Despite local aid efforts here on the ground, most continue moving west.

“People come here in an awful state: they’re physically exhausted because the way here is long and most probably they were staying in the basements and in shelters for days and weeks in terrible conditions,” says Valeriy Dyakiv, director of a reception facility sheltering around 300 evacuees.

Dyakiv told me air raid sirens sounded at the same time a young couple was arriving with their child, after having been under shelling for days.

The couple’s daughter “got a panic attack; she started screaming and she couldn’t keep quiet and so he hugged her, and then she finally calmed, eventually,” Dyakiv said.

People from all walks of life shelter at Dyakiv’s reception — among them theater director Oleksandr Kovshun and thespian Olena Prystup. Kovshun is the director of the world famous Berezil Theater in Kharkiv, the beleaguered eastern Ukrainian town.

“The building is still intact,” he tells me. But a building next door was struck by a Russian missile.

Prystup said many of the theater company sheltered at the Berezil for 10 days mainly huddled in the capacious wardrobe. She and her photographer husband decided to leave the city when the neighboring building was hit. She has been in Vinnytsia for three weeks and with Kovshun has organized drama classes and poetry readings for the kids.

“But I so want to go back to our theater,” she says.

Journalists

Journalists are urging Ukrainian authorities to clarify and discuss wartime reporting rules following a series of ugly confrontations between TV crews and Ukrainian officials and soldiers at media centers in both Kyiv and Lviv, as well as on the streets. A team of British broadcasters was at the center of a heated confrontation Thursday when Ukrainian soldiers waved guns at the reporter and crew as they filmed blast scenes from Russian missile strikes.

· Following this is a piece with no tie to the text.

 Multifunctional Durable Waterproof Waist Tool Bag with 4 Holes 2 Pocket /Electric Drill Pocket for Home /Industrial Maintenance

Ukrainian authorities say real-time footage can be used by Russian commanders to assess the impact of missile strikes and to repeat an attack, if they judge it unsuccessful. Foreign TV crews have been accused of being “camera killers.”

Media companies say the Russians have other means for damage assessment — including footage and images they get from drones and satellites. They also point out that the Russian armed forces are notorious in Syria for striking at targets twice. The technique is called a “double tap” — when an initial strike is followed by a second attack shortly after, targeting and often killing rescuers and first responders who have converged on the site.

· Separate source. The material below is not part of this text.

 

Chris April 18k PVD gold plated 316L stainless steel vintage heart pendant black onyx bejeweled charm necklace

There have been mounting frustrations among the foreign press corps over accreditation hold-ups, resulting in applications taking weeks to receive approval or never materializing at all. Ukrainian photographers have complained of being obstructed in Kyiv and having their cameras snatched or broken. Journalists, led by the local Ukrainian media, appealed this week to authorities to develop more transparent rules for covering Russian shelling.

With relations souring, Ukraine’s defense and culture ministries issued a statement this week urging the media to adhere to the rules of martial law. They praised the media, saying: “It is difficult to overestimate the work of a journalist in wartime. Working in combat zones, they are constantly in an atmosphere of fear and tension, risking their own lives to convey the most complete, true and unbiased picture of developments.

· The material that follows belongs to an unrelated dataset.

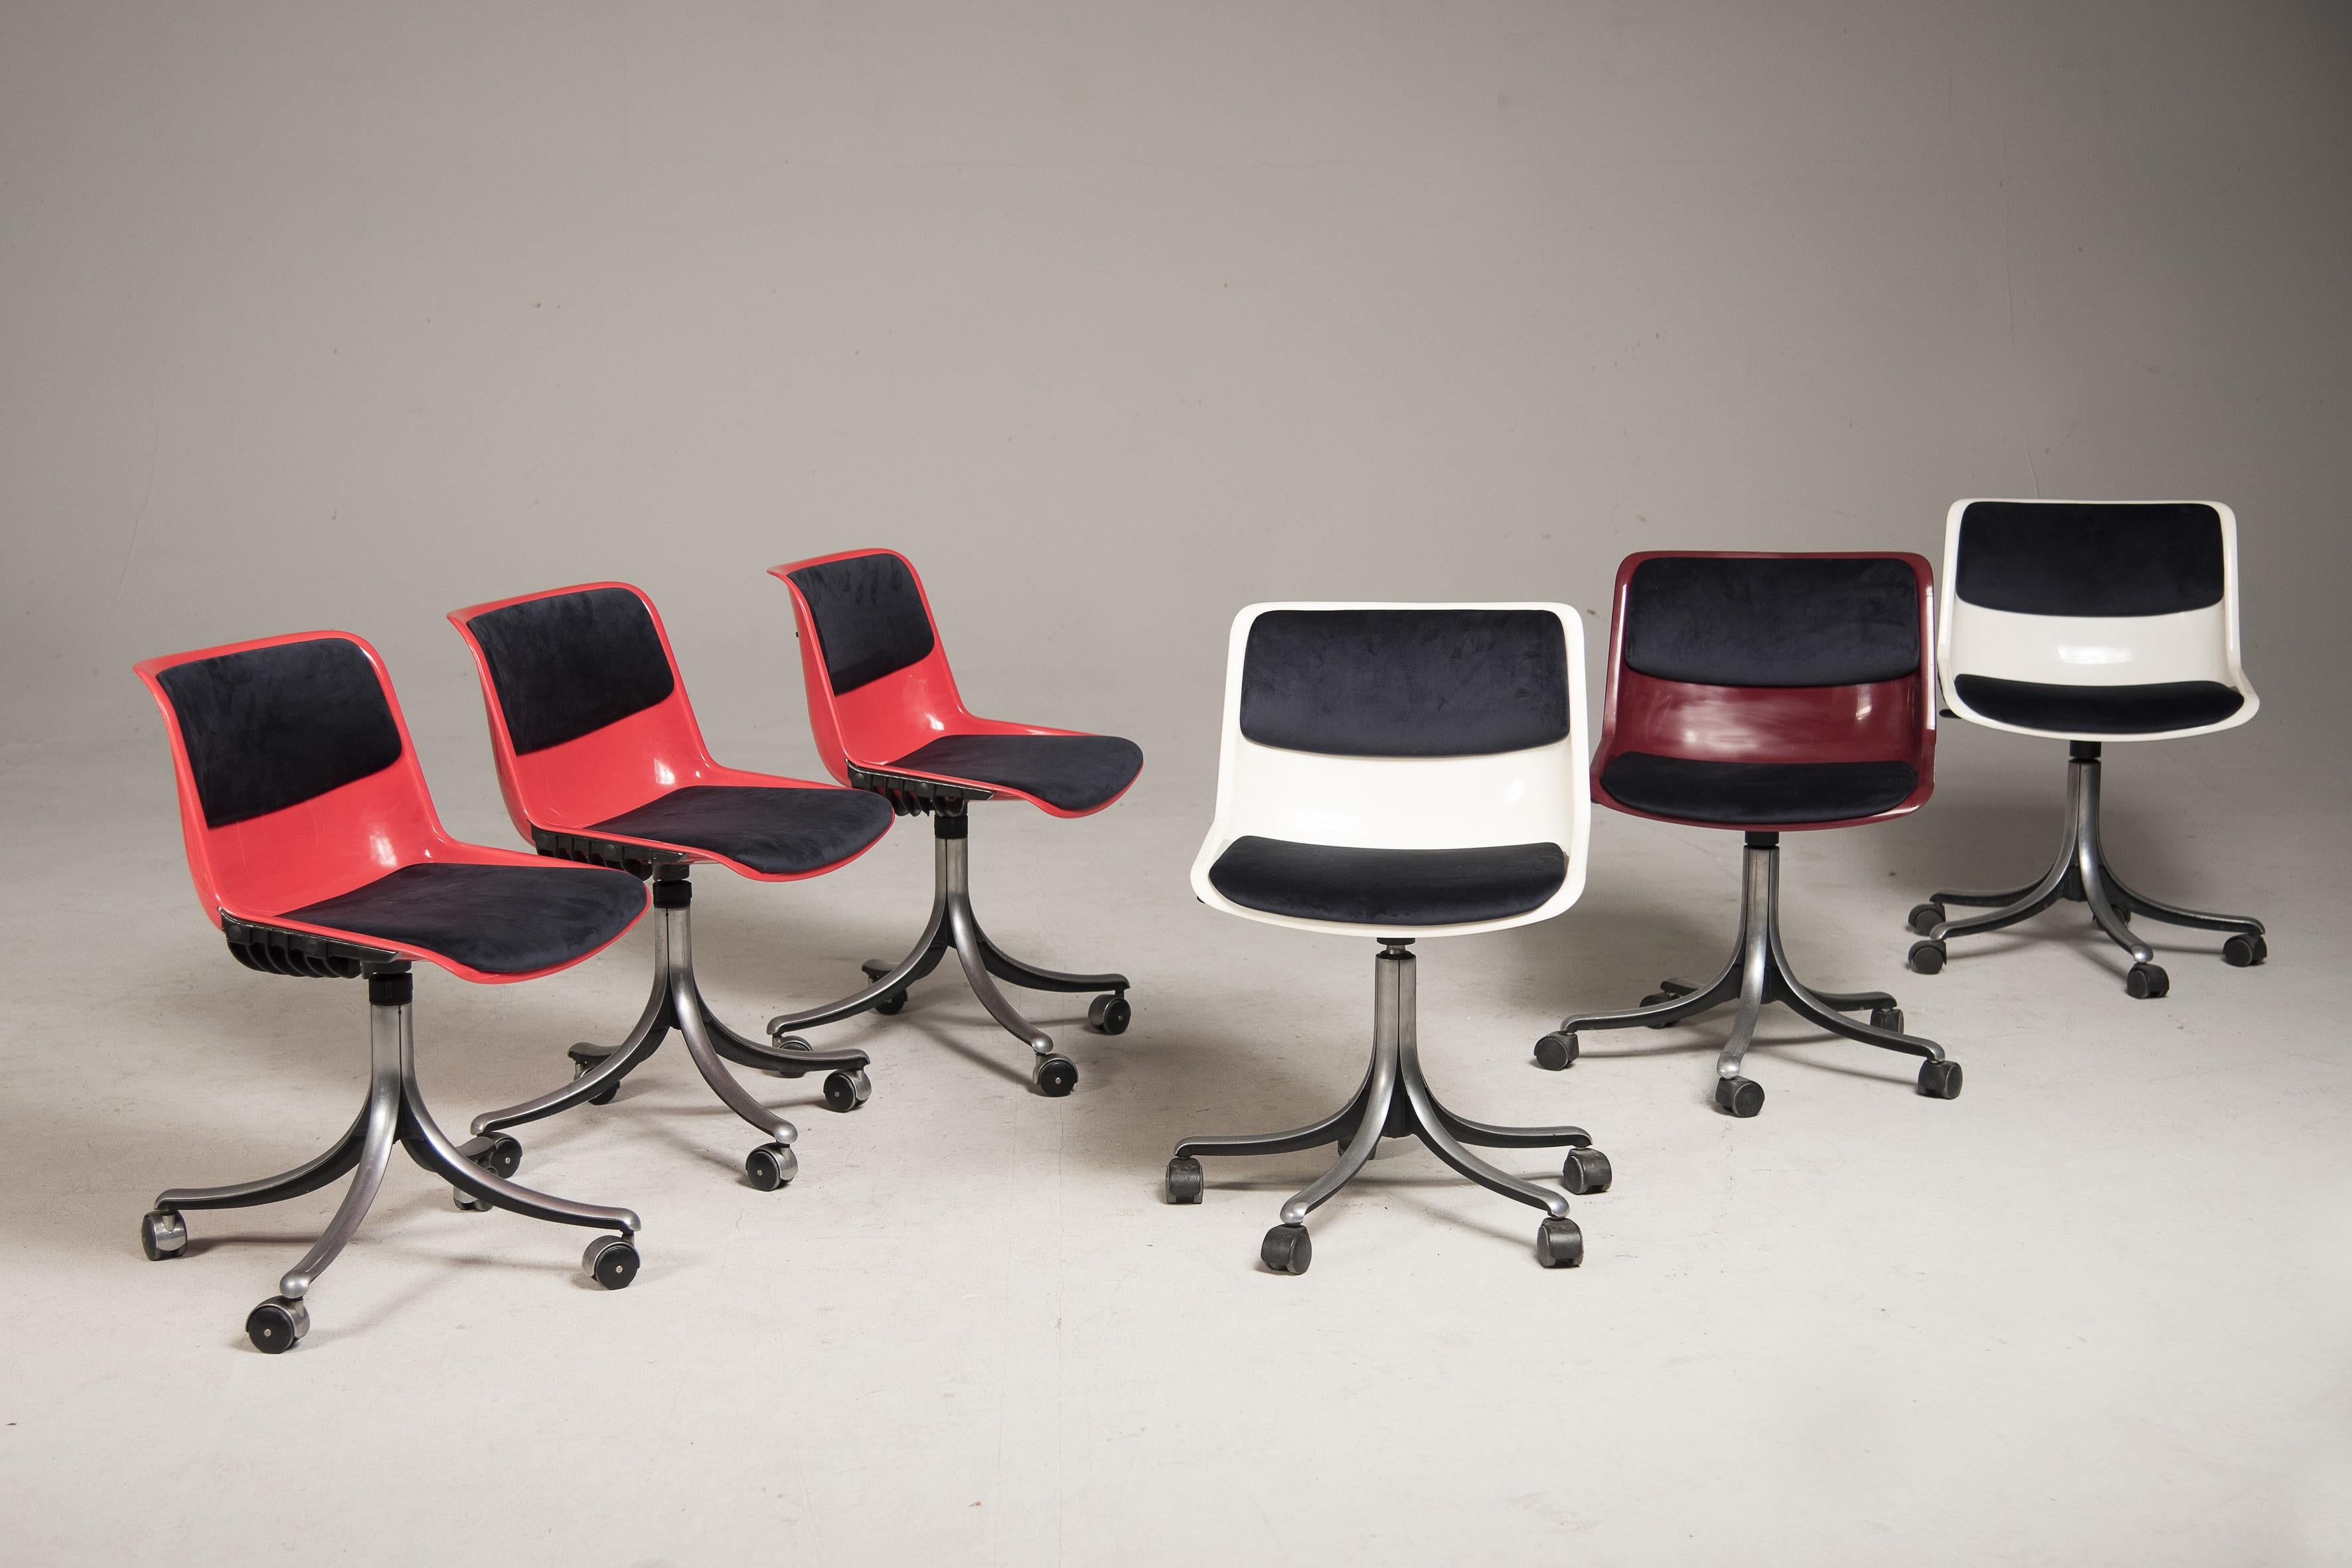 Six office swivel wheeled chairs by Osvaldo Borsani for Tecno, made in Italy in 1980s. Stamped on the bottom and marked Tecno on the side, made of red, white and wine color plastic. The base is 5-star metal. Chairs are all original and in good

But they continued: “Under martial law, information must be balanced and portioned, as the enemy is constantly monitoring the information field to counter Ukrainian defenders. So, we call on the media to continue to follow the rules during martial law so as not to endanger themselves and others.”

The ministries acknowledged the tensions, adding that after the war, government and media can pool their experience and “work together to develop the necessary solutions for more effective interaction.”

In the meantime, media organizations — foreign and local — are worried at the lack of clarity about what is allowed or not.